"Reprint" Ramble about Hadoop HDFS BALANCER

Source: Internet
Author: User
Tags disk usage

Hadoop's HDFs clusters are prone to unbalanced disk utilization between machines and machines, such as adding new data nodes to a cluster. When there is an imbalance in HDFs, there are a lot of problems, such as the Mr Program does not take advantage of local computing, the machine is not able to achieve better network bandwidth utilization, the machine disk can not be used and so on. It is important to ensure that the data in HDFs is balanced.

In Hadoop, there is a balancer program that, by running this program, can bring the HDFs cluster to a balanced state, and the command to use this program is as follows:

SH $HADOOP _home/bin/start-balancer.sh–t 10%

The-t parameter in this command is followed by the value of the disk usage bias in which HDFs reaches the equilibrium state. If the disk usage bias between machines and machines is less than 10%, then we think that the HDFs cluster has reached a balanced state.

Hadoop developers have followed the following principles when developing balancer programs:

1. In the process of data redistribution, it is necessary to ensure that the data can not be lost, can not change the number of backup data, can not change the number of blocks in each rack.

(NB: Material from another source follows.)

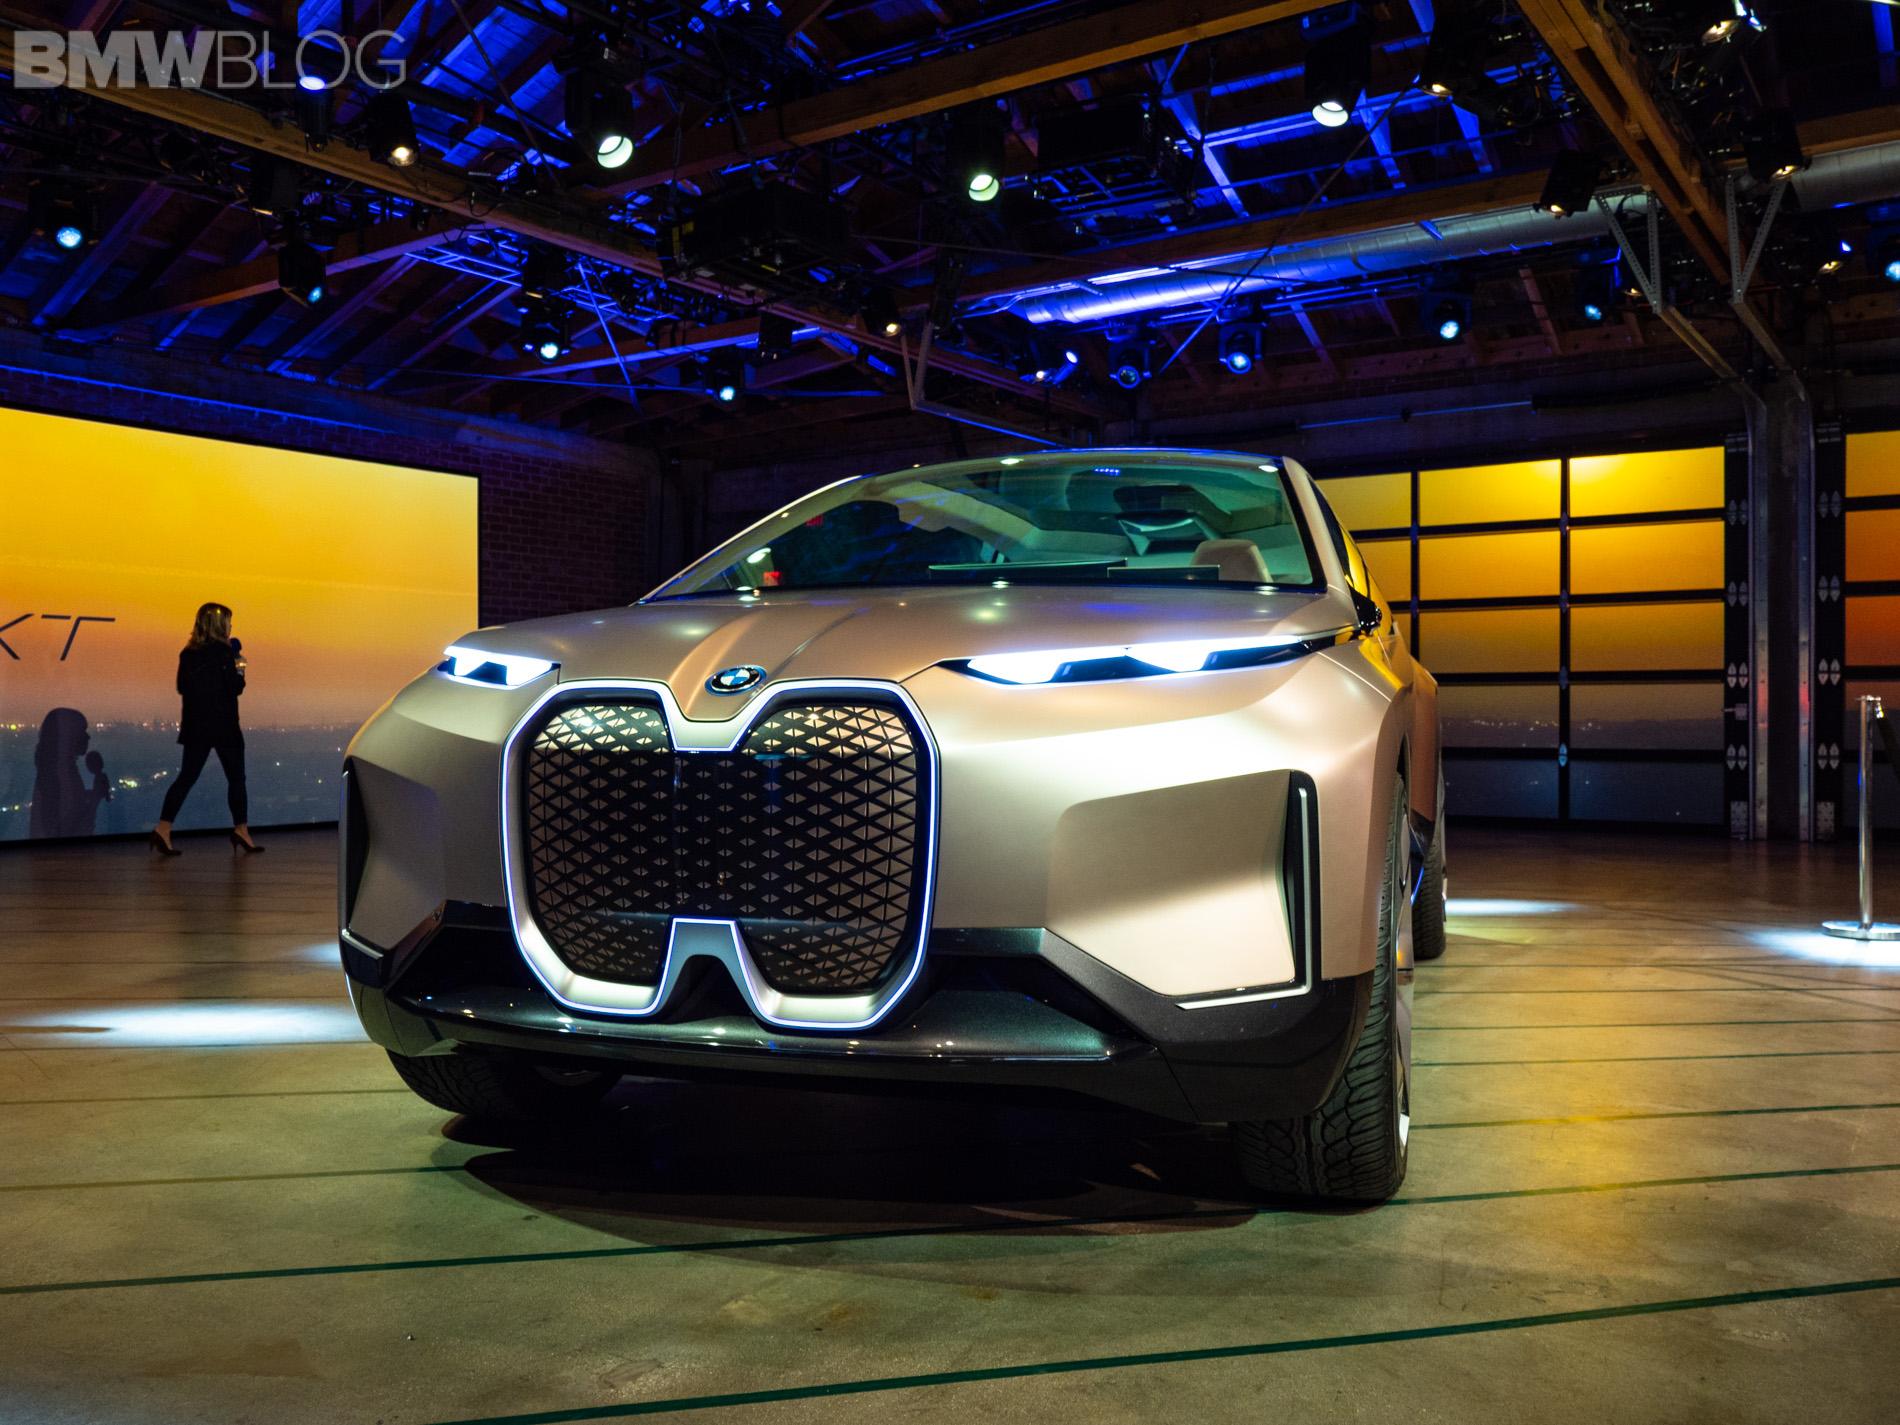 BMW iNext vision world premiere 9

2. The system administrator can start the data redistribution program with a single command or stop the data redistribution program.

3. Block cannot take up too many resources, such as network bandwidth, during the move.

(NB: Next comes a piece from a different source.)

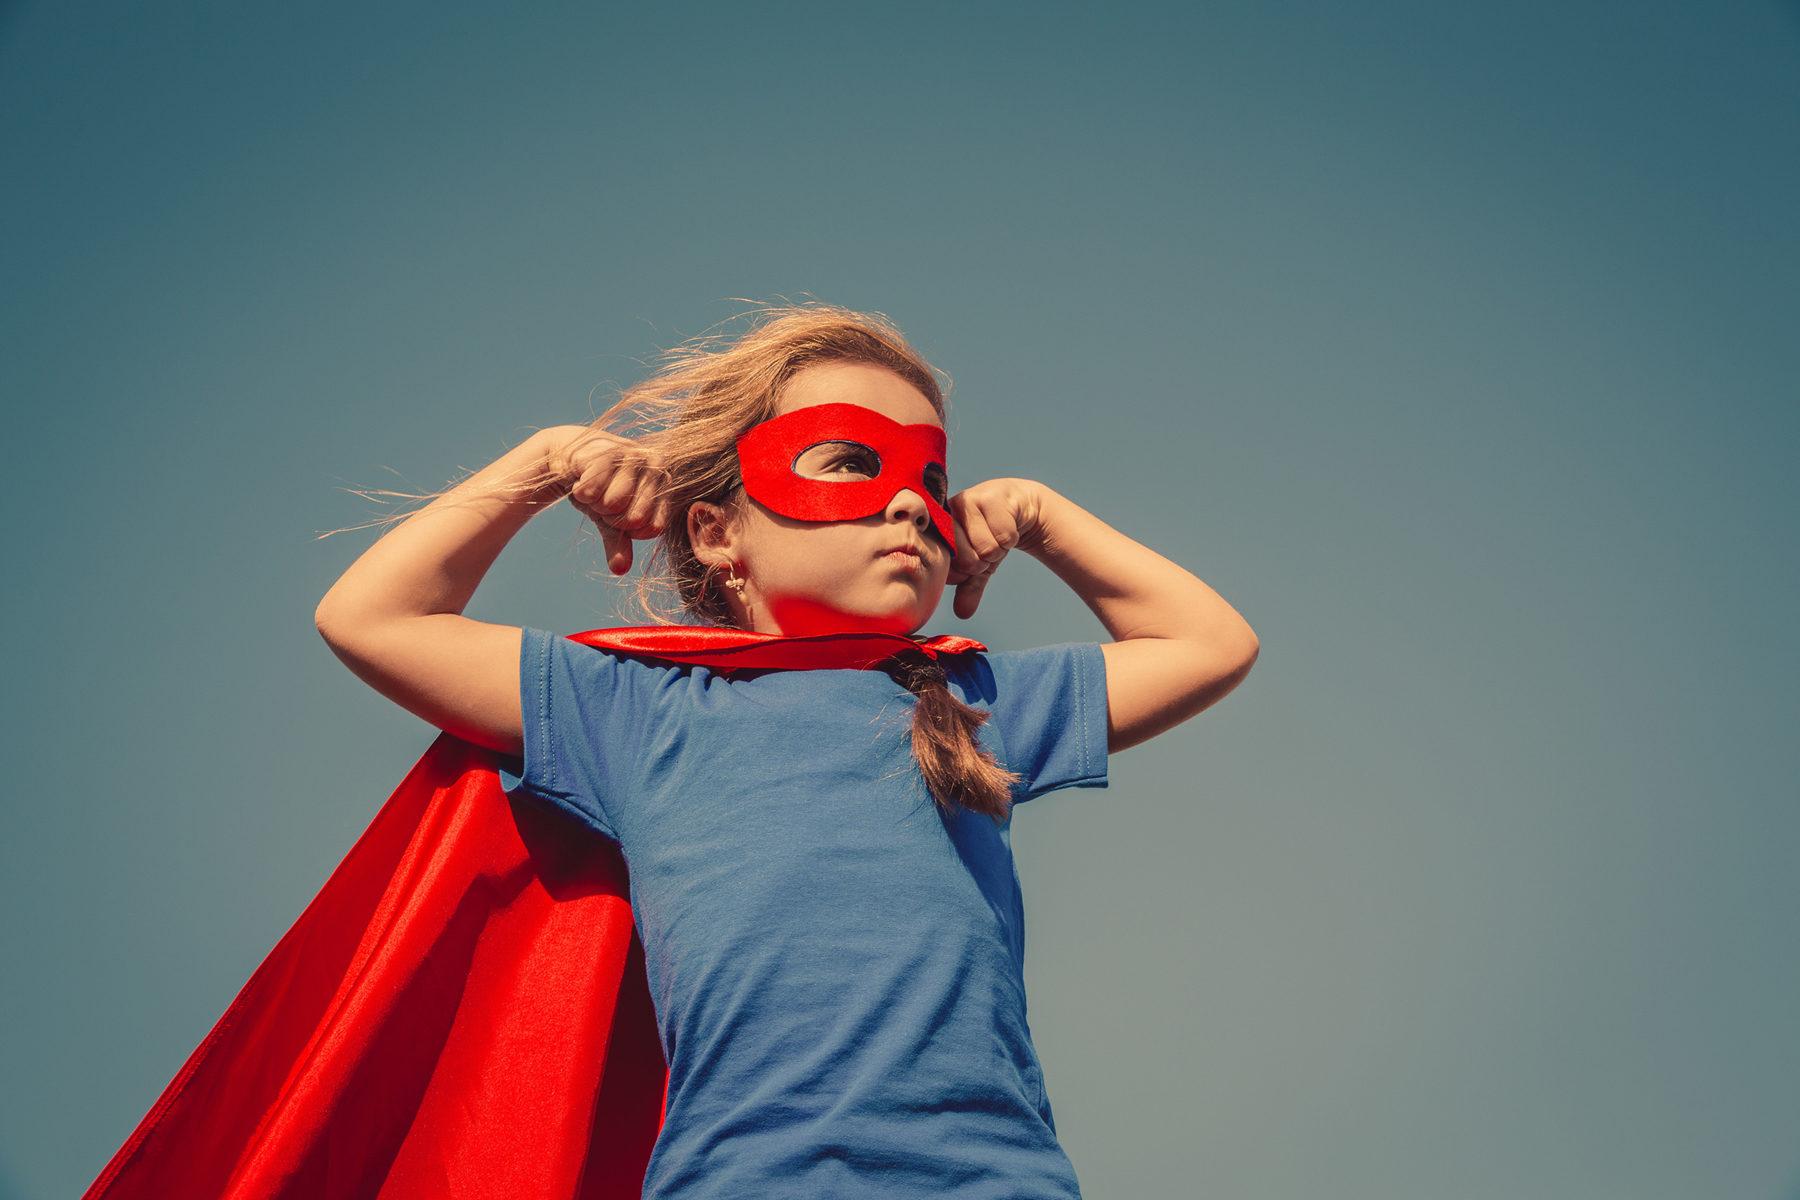 Лекция «Детская самостоятельность, или Как помочь ему расти» – события на сайте «Московские Сезоны»

4. The Data redistribution program does not affect the normal operation of name node during execution.

Based on these basic points, the current Hadoop data redistribution program implementation of the logical flow as shown:

The rebalance program is executed separately from the name node as a separate process.

1 Rebalance server gets all the data node conditions from name node: Each data node disk usage.

2 Rebalance server calculates which machines need to move data and which machines can accept moving data. and get the data distribution that needs to be moved from name node.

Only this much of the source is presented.